Reste le cas des quatre derniers accusés, ceux des « jihadosphère » qui a échangé divers messages avec le terroriste avant son acte. Le parquet avait requis à leur encontre des peines allant d’un an à cinq ans, dont 18 mois avec sursis. Finalement le tribunal a prononcé à leur encontre des peines de 5 ans d’emprisonnement à 3 ans avec sursis.

Des faits « absolument barbares »

Avant de conclure, le président dresse un bilan plus général des motivations de la Cour. “Elle s’est efforcée de prendre en compte la gravité exceptionnelle des faits relatifs à l’assassinat d’un enseignant à la sortie de l’école par décapitation à l’aide d’une arme blanche (…), ceux-ci d’une barbarie absolue constituent une atteinte irrémédiable aux valeurs de la république et de la laïcité”, sur le sanctuaire de l’école, provoquant des troubles considérables dans le pays et plus particulièrement au sein du corps enseignant et un traumatisme définitif et durable, notamment pour son fils de 5 ans »

Fin du verdict.
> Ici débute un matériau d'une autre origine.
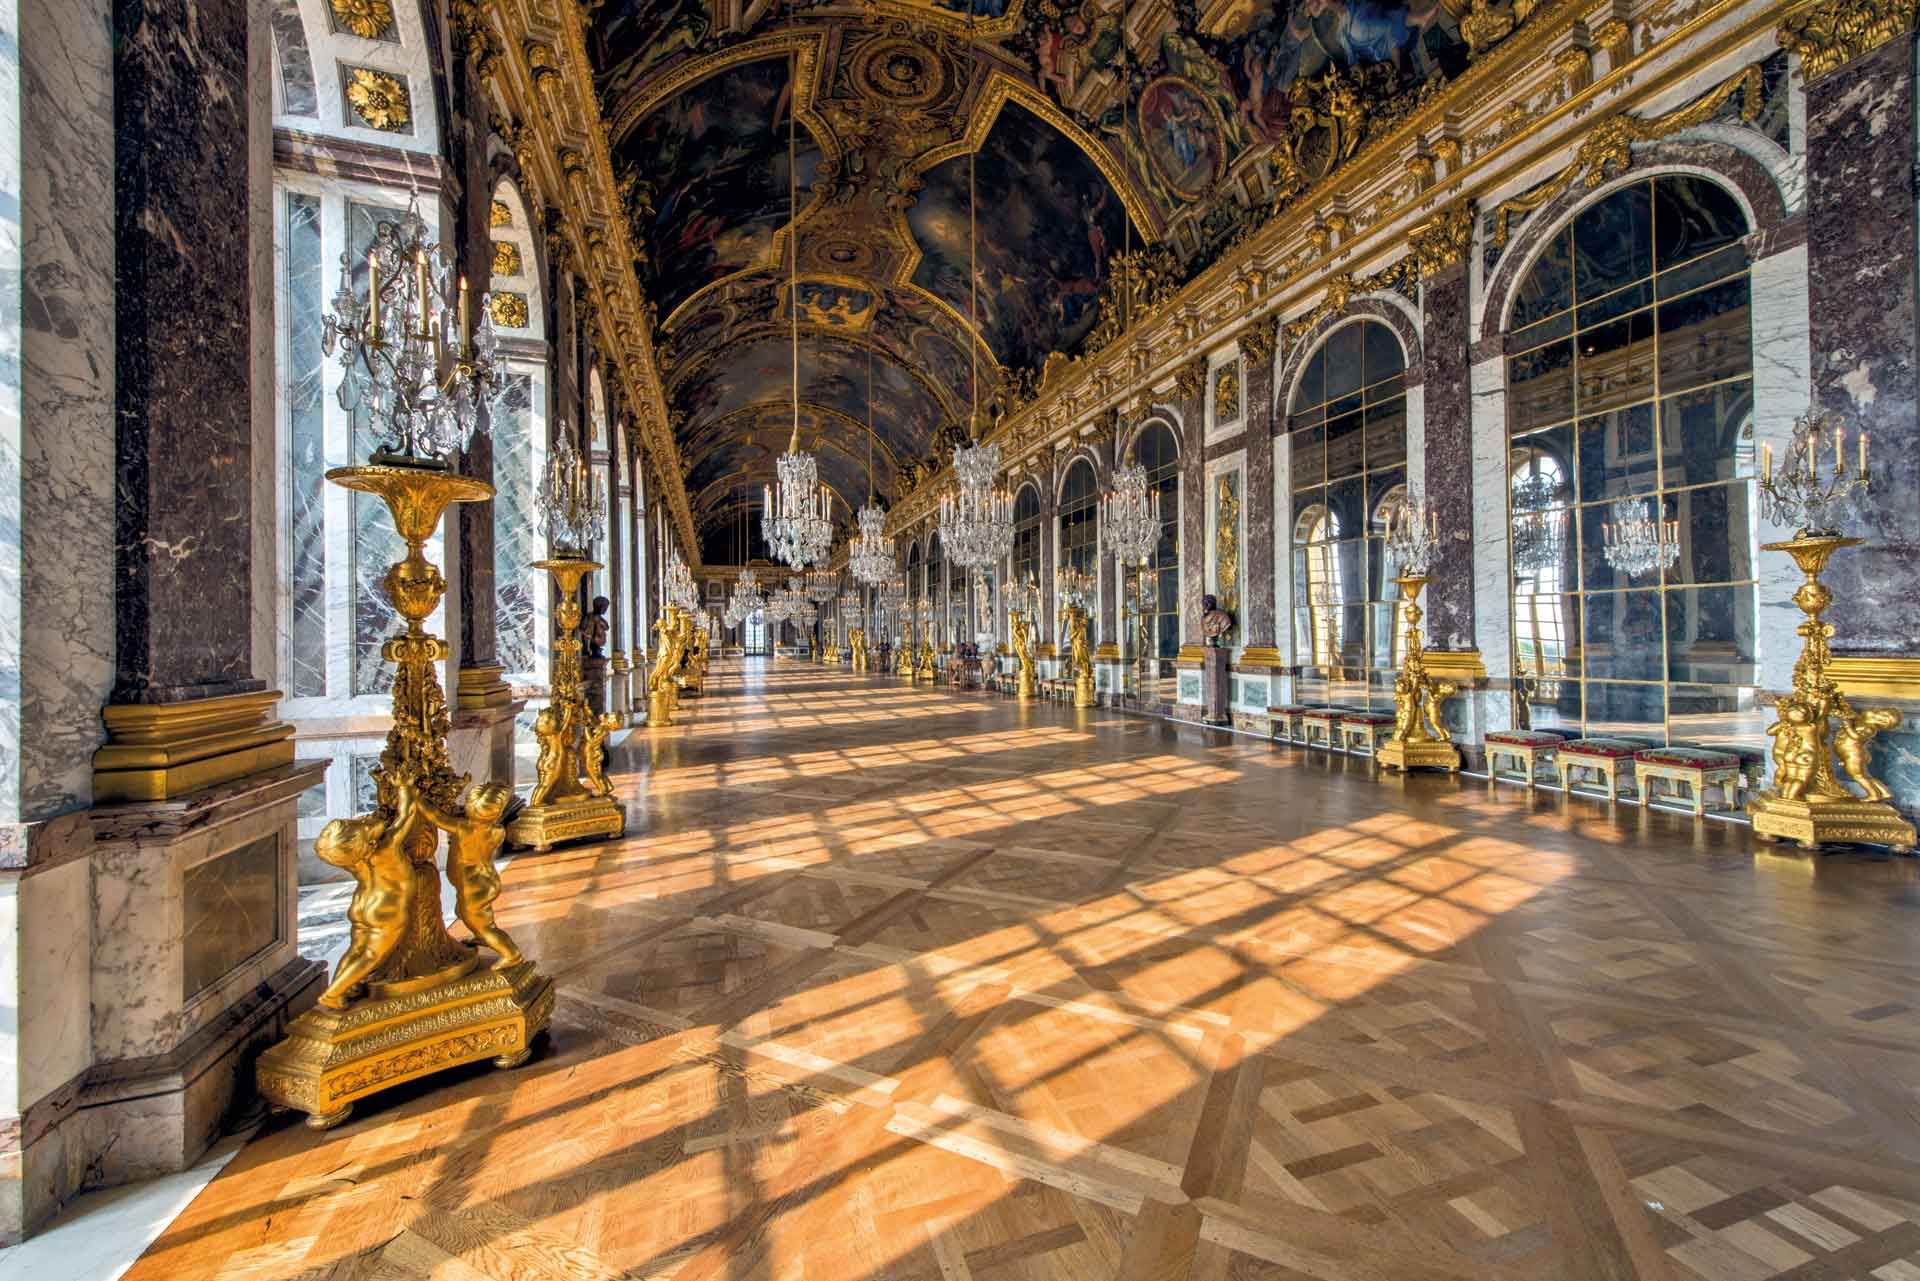 Amazing Gallery Inside the Palace of Versailles
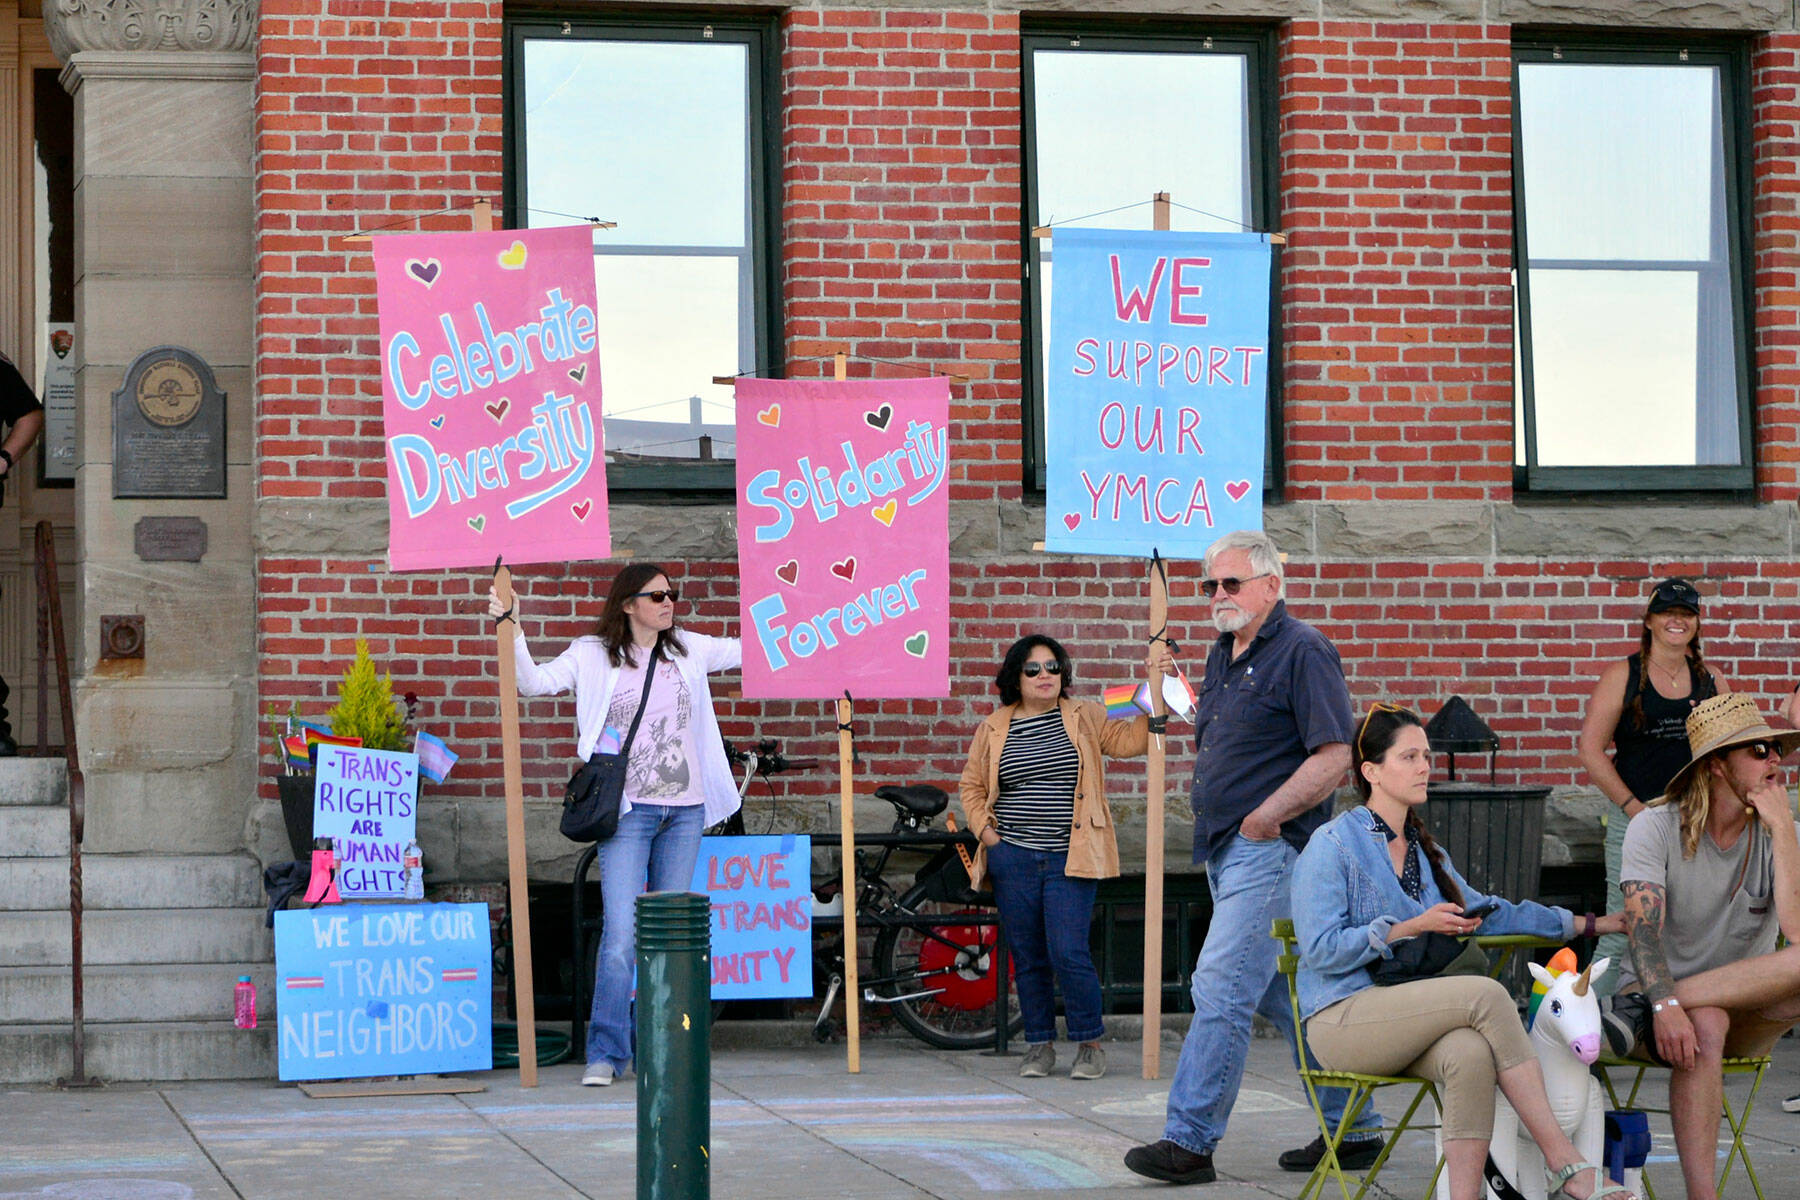 Supporters of transgender rights gathered in front of Port Townsend City Hall on Monday during a city council meeting when a proclamation was read stating the city is a welcoming place for transgender people. An 80-year-old woman’s ban from the local swimming pool following a confrontation with a transgender woman in the locker has received national attention, and people on both sides of transgender issues traveled to Port Townsend to show their support for their respective sides. (Peter Segall / Peninsula Daily News)

Dans la salle, les filles de Brahim Chnina sont dévastées. On ressent de la colère chez certains, de l’incompréhension chez beaucoup. L’émotion est immense chez tous les proches qui agitent la main en direction du carton. A la sortie, c’est très vite le ballet des avocats devant les micros et les caméras. Alors qu’il avait dénoncé une mise en examen “scandaleux” Lundi, Me Francis Spizner, côté parties civiles, estime sur le fond que la République est sauvée. Les avocats de la défense, les yeux rougis, s’insurgeent pour dénoncer une décision prise “pour avis” et “contre la loi”. Ensuite, Gaëlle Paty prend la parole, « Je suis ému et soulagé. Entendre ces mots « coupable » était la chose la plus importante pour moi. Et pour mes parents »a déclaré la sœur de Samuel Paty, consciente qu’il y aura un deuxième procès, Abdelhakim Sefrioui, ayant annoncé à l’audience son intention de faire appel.